REQUIRED WORK →
Please reproduce all of the data exactly as it appears, but skip the pictures.

DATA BLOCK →

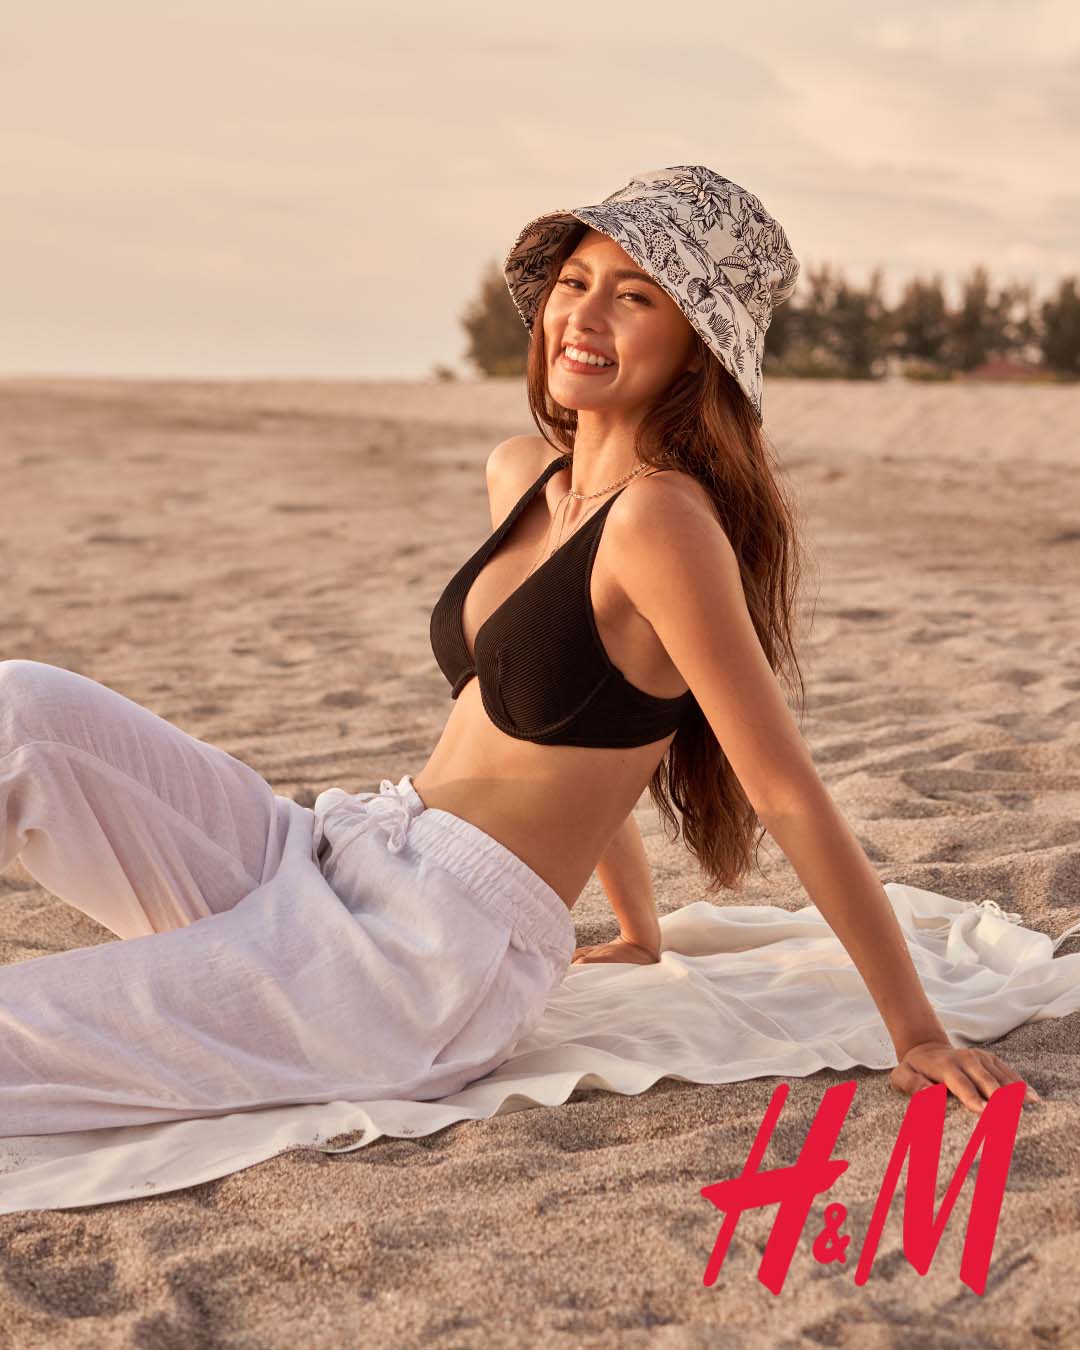 Kim Chiu Is the New Face of H&M Philippines Preview.ph
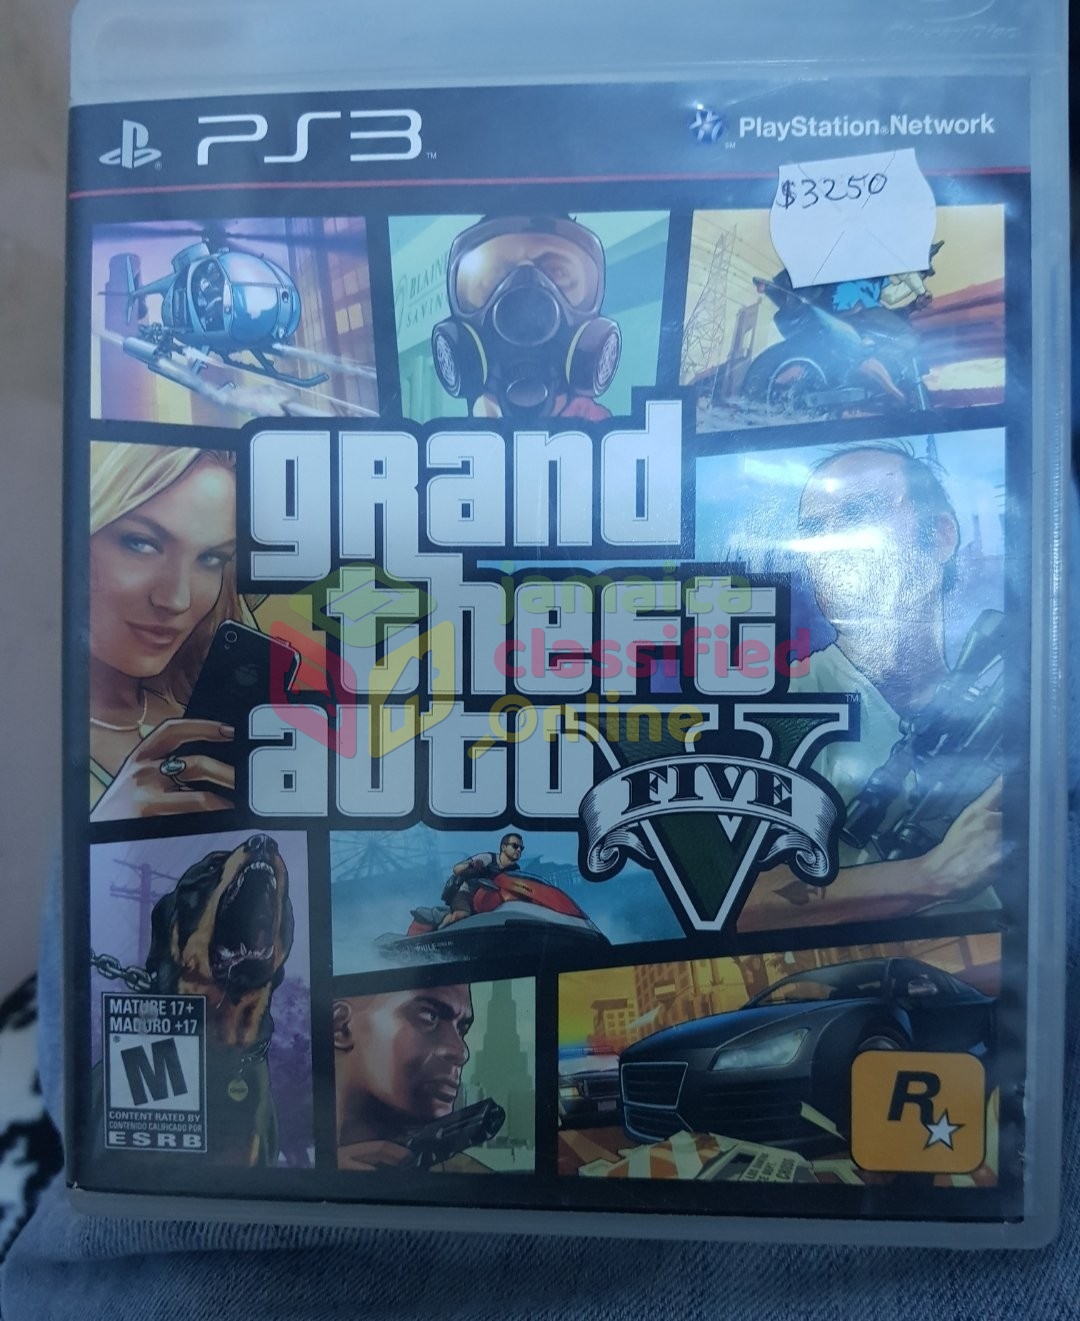 gta 5 for ps3 for sale
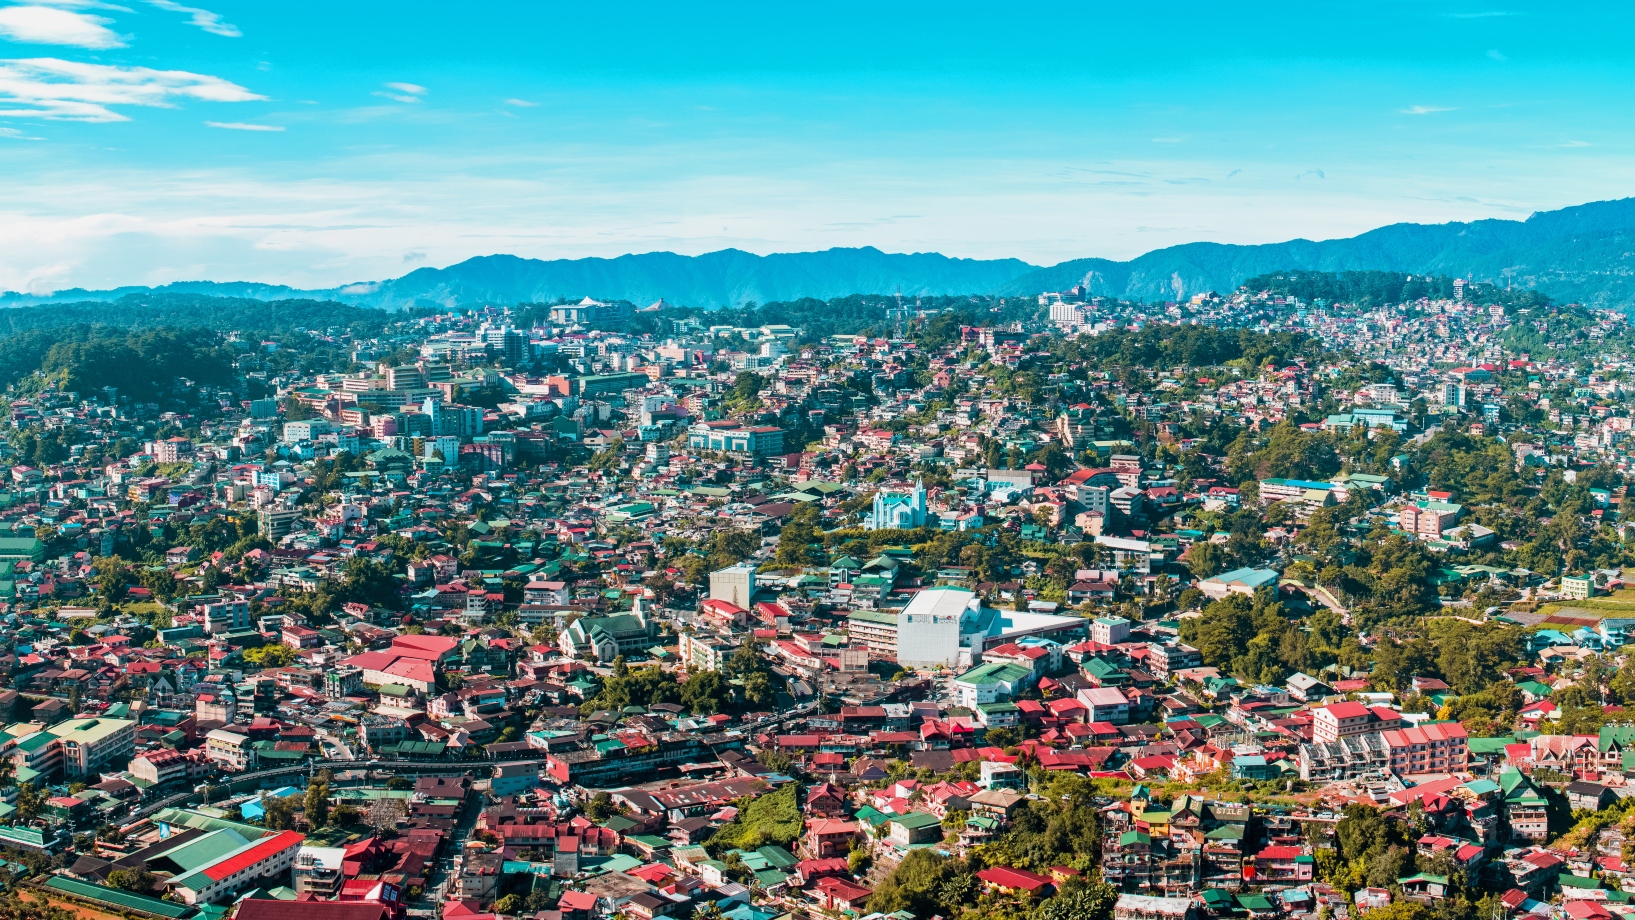 Baguio affordable city philippines

RESULT OF THIS EXERCISE →
 Kim Chiu Is the New Face of H&M Philippines Preview.ph
 gta 5 for ps3 for sale
 Baguio affordable city philippines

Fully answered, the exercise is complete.